The pairing of director Tim Burton and composer Danny Elfman was a match made in heaven.The two have similar minds, both imaginary and practical, tying together fantasy and reality in a dream-like cognitive. A team of producers on one end and a 78-piece orchestra on the other end helped the vision of Burton and Elfman come to life.

When listening to the film’s instrumental soundtrack, we are again taken through the tales of the movie but without the visuals. These soundtracks were put out so we can recreate them in our minds. The convenience of it, too, is that we’re not forced to pay attention to the album like we owe to the film, the soundtrack accompanies emotional and psychological entertainment without becoming a distraction. This is something suitable for background music during busywork, helping the time pass by with ease and comfort.

The story of Edward Scissorhands is fantasy-like and whimsical, a perfect match for Elfman’s imaginative talents.

His symphonic accompaniments help narrate the story of a suburban door-to-door makeup saleswoman who ventures to a castle near her town to knock on the doors and make her pitch. The woman named Peg is eventually met with a very timid man who lived there alone and only had many pairs of scissors for hands.

The man, dressed in black with a pale white face, is later taken into Peg’s family to stay, where he is given plenty of love and nurturing to start a real life for himself. He was abandoned by his father and lived alone, and the family allowed him to express himself for the first time in his life, embracing his flawed appearance and giving him shrubs to trim and hair to groom in the neighborhood.

Before things go sour, Scissorhands is allowed to have a family and be himself, embrace his character and even fall in love despite his background and appearance. Only a story like this could be told through the mind of Burton and his favorite composer.

Elfman made magic for films like Mission: Impossible, Batman, Milk and most famously Pee-Wee’s Big Adventure. Somehow the talents of the composer are used as a secondary asset to the film’s work, outlining the events in the story with either a sweet symphony or a menacing rhythm to amplify the effect.

Though Elfman worked on thrillingly high-profile productions like TV’s Desperate Housewives and the Spider-Man films, his work with Burton is always much more expressive and creative. It seems that when doing work with his longtime friend and collaborator, he is not bound by the confines of industry moguls who have a more strict view of what they’d like to hear from him. In the black-painted world of Tim Burton, Elfman is allowed to work freely and lavishly. It shows in his wonderful work, possibly most intelligently here in “Edward Scissorhands.”

“Theme From Edward Scissorhands” falls near the end of the movie’s score and can serve as the its main song, encompassing themes of intolerance, the meaning of friendship, overcoming traumatic events and interpreting feelings that can be difficult to understand.
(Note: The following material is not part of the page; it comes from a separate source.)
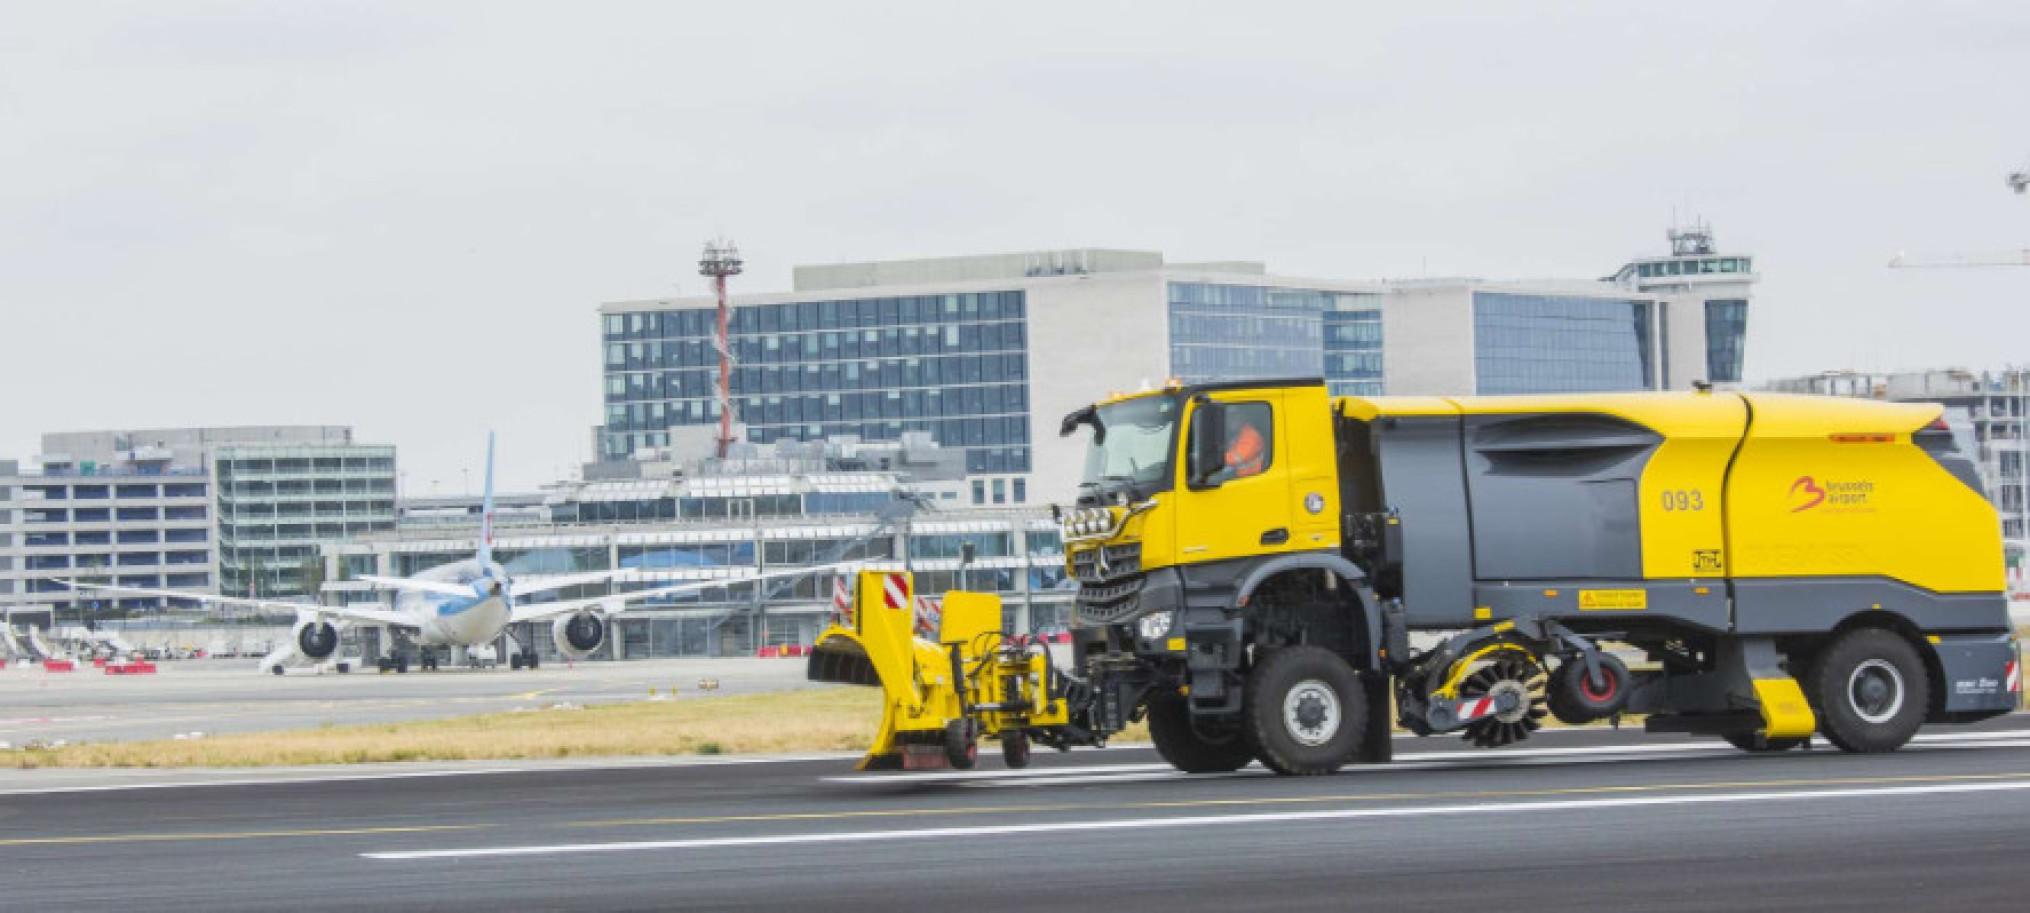 winterstrooidienst luchthaven_Hectares
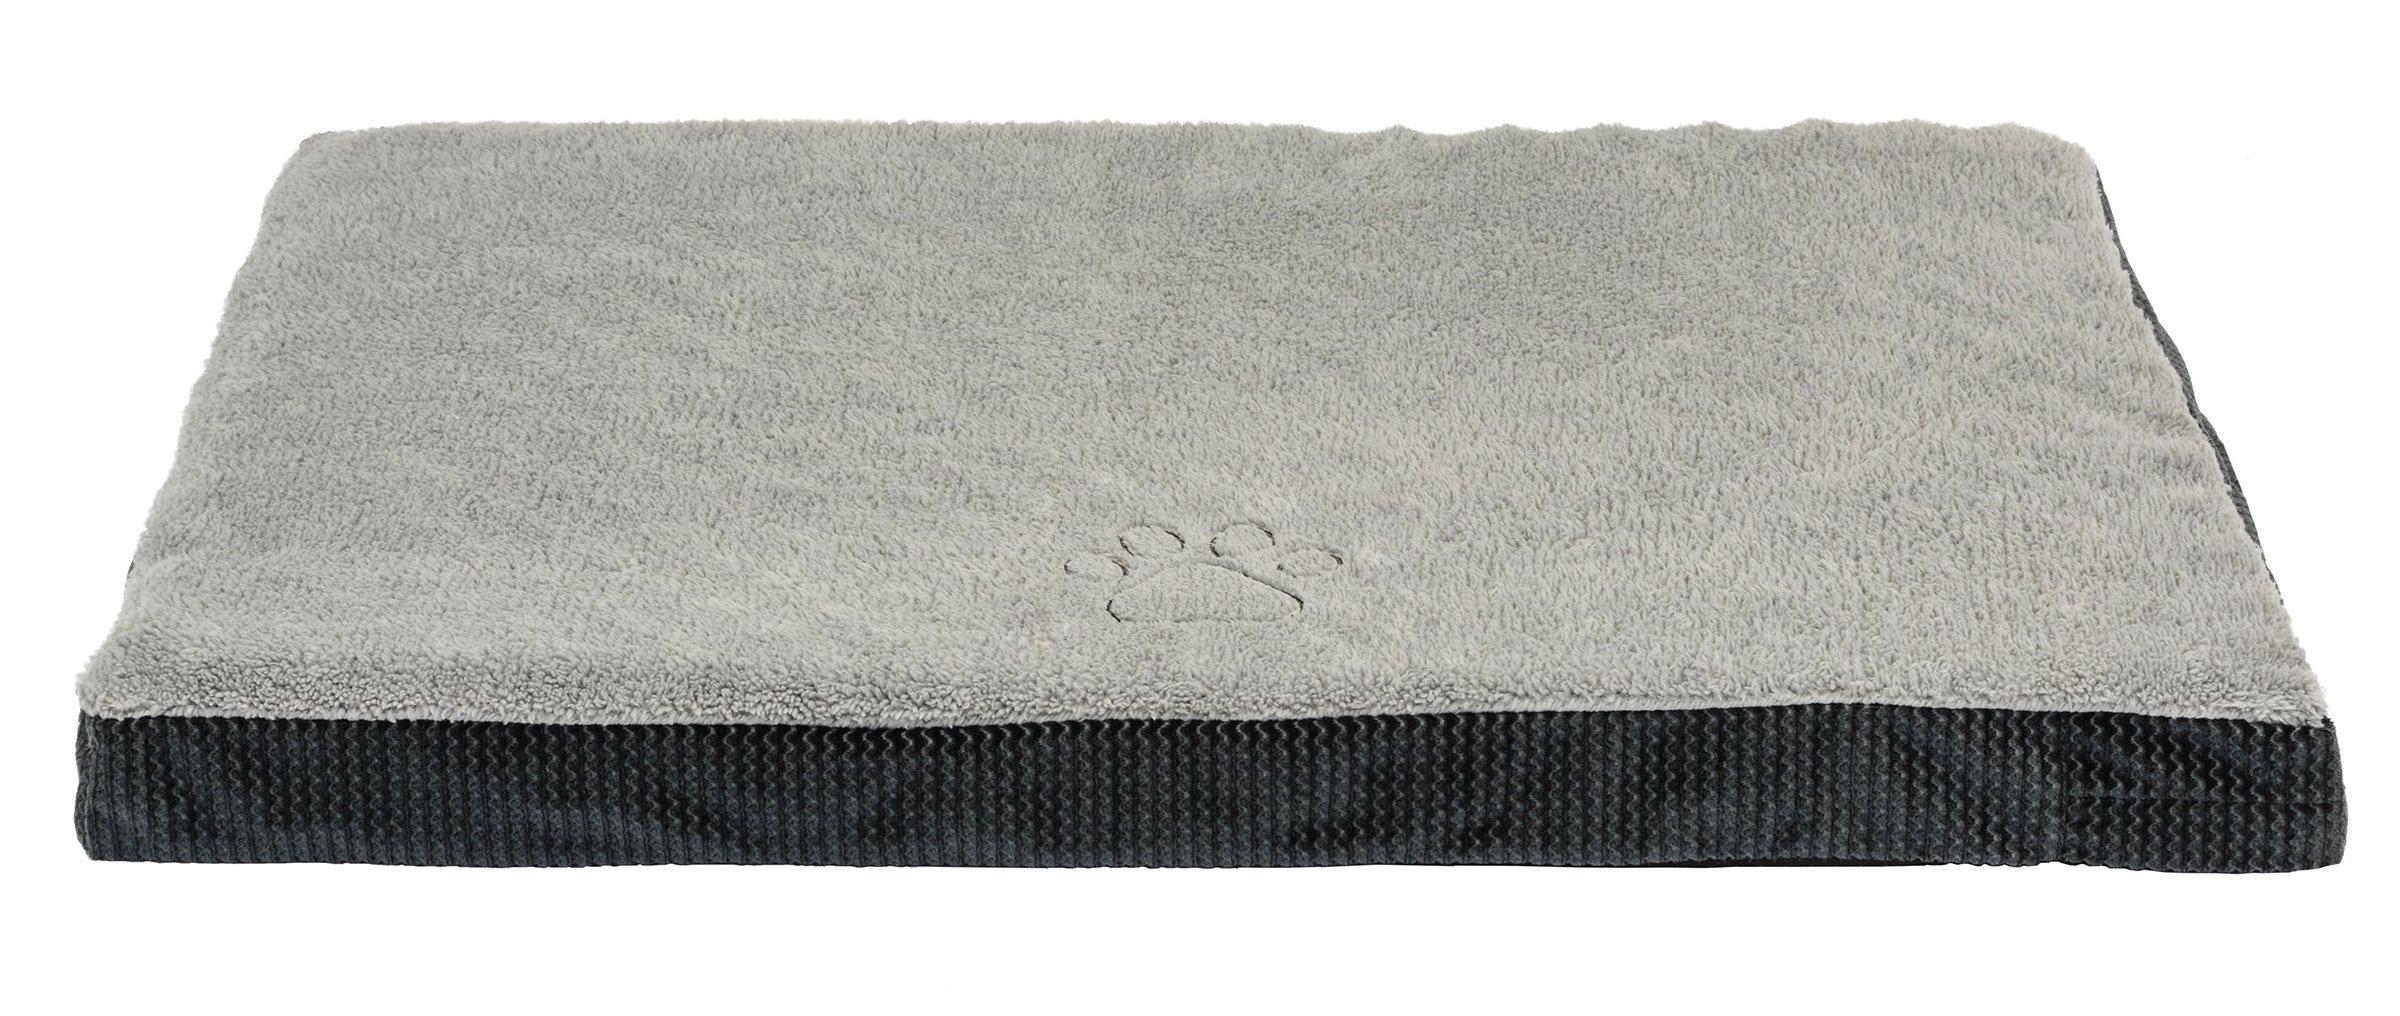 Dallas Co. Premium Orthopedic 36'' x 45'', Grey

In a colorless picture plane, Scissorhands inspires a metamorphosis of the visual expression on the people of the town he now inhibits. From beginning to end, listeners can audibly detect a bloom in color balances through the work in the score. The beginning of the soundtrack is very traditional and sepia before soon opening its middle to a vibrant and allusive vibes as the narrative carries on. But as the story fades out, so does the color in the story and in the audio spectrum.

Something truly beautiful happens when the film starts to showcase Edward’s personal evolution as he lets his guard down and starts to find his place in life. He brightens up the town before he eventually ruins it, and it’s a rare thing to watch. Songs like “Beautiful New World” and “Edward Sees Kim” are simply exceptional to the ears, illuminated with brave writing. And through it all, the symphony that executes the dreams of its visionaries plays out not only a love story between the character and his new persona, nor himself and a young woman, but between the viewer and the film. Isn’t it romantic?